WHAT TO PRODUCE:
The line containing "Filetage VIANLIFT PDO / PCL / PLLA" and every line after it, through the end of the material: copy these exactly and nothing else, leaving pictures out.

COLLECTED MATERIAL:
○ ○ ○
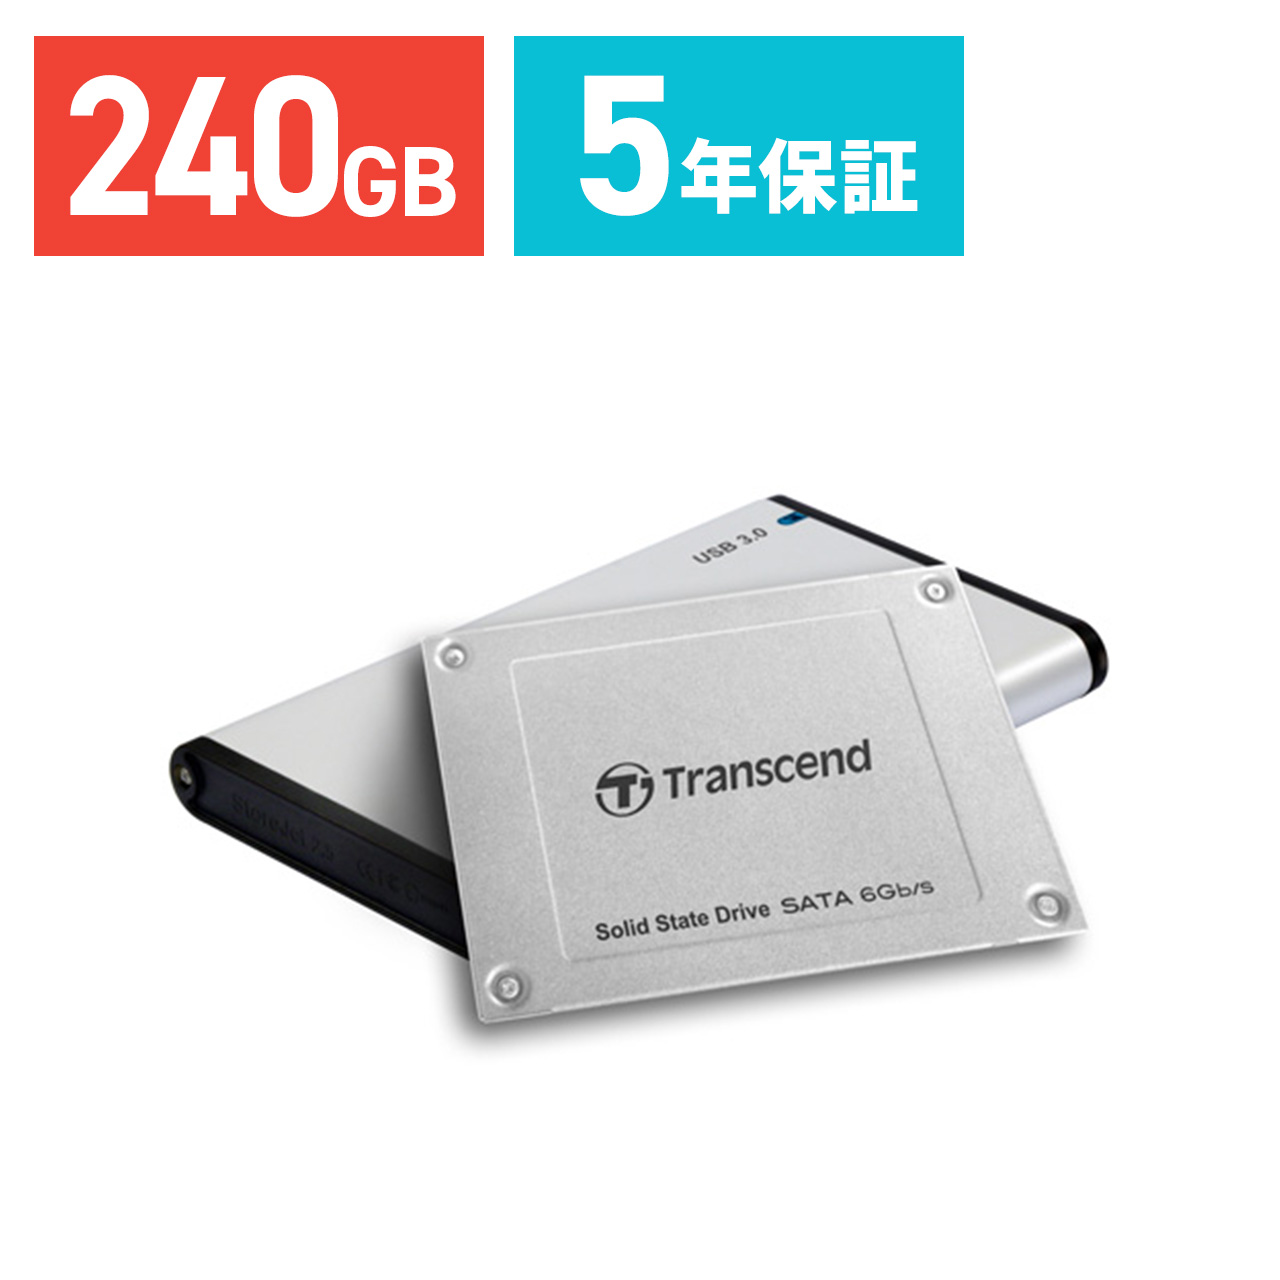 MagicTMac mini 2011 500GB SSD, 6GB Memory
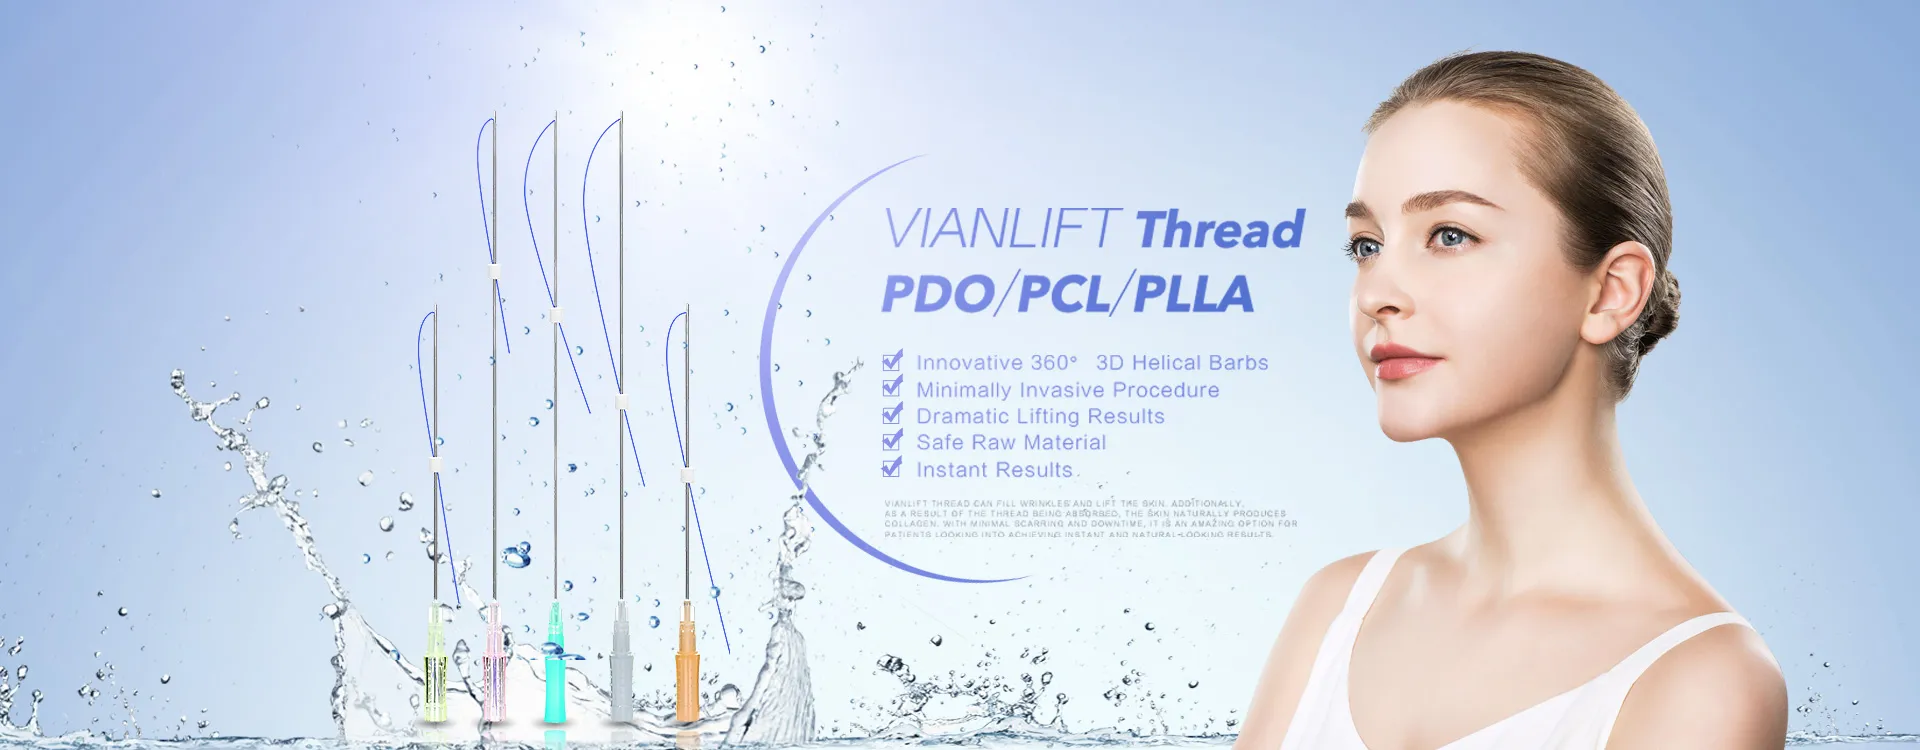 Filetage VIANLIFT PDO / PCL / PLLA
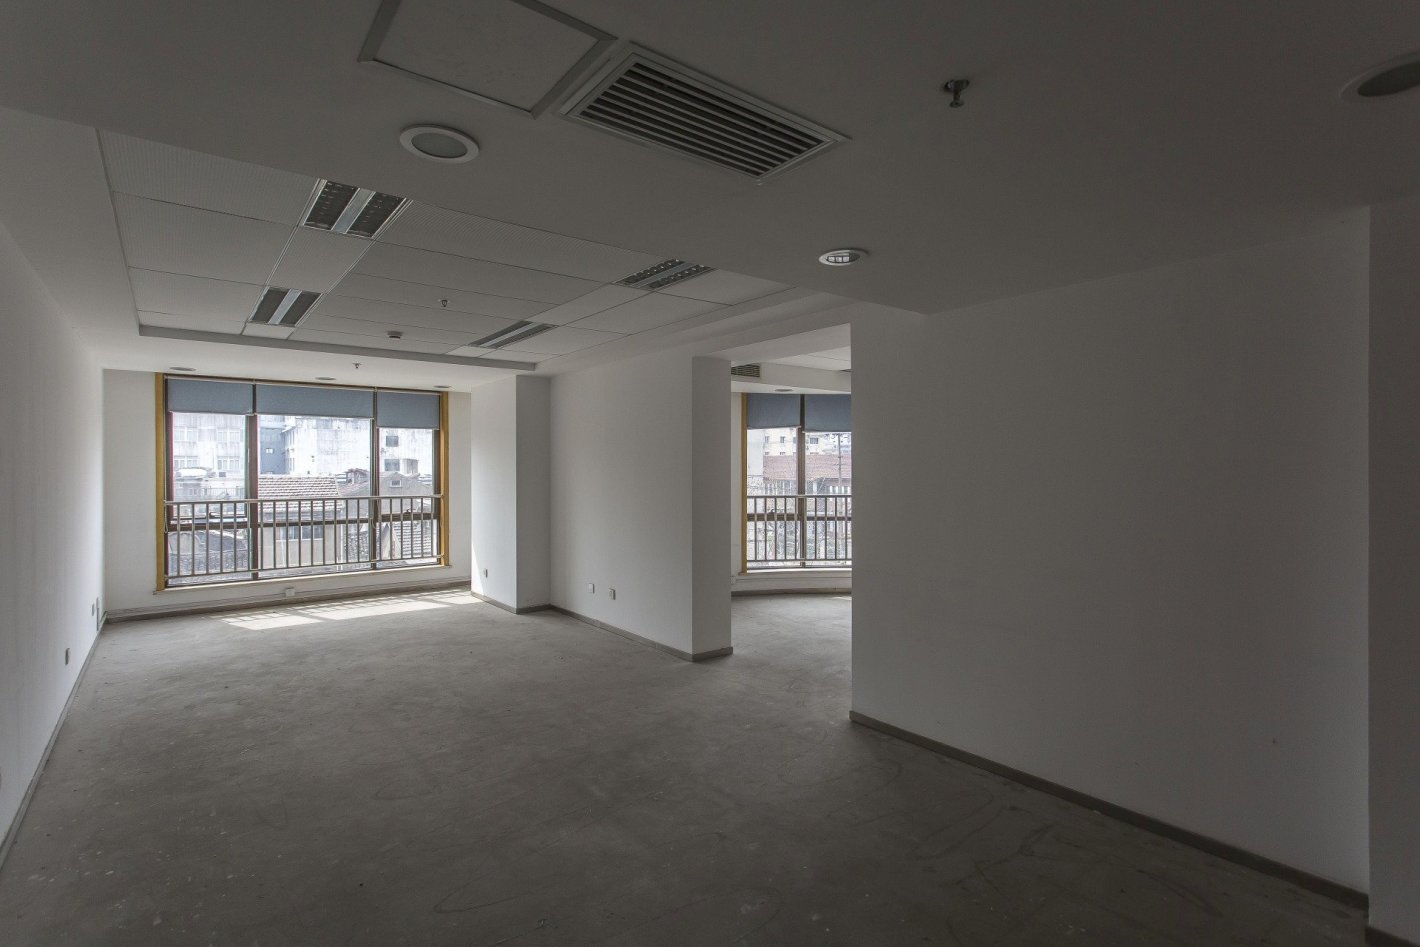 聚源大厦153平米办公室出租-租金价格3.24元/m²/天
○ ○ ○
TASK RESULT:
 Filetage VIANLIFT PDO / PCL / PLLA
 聚源大厦153平米办公室出租-租金价格3.24元/m²/天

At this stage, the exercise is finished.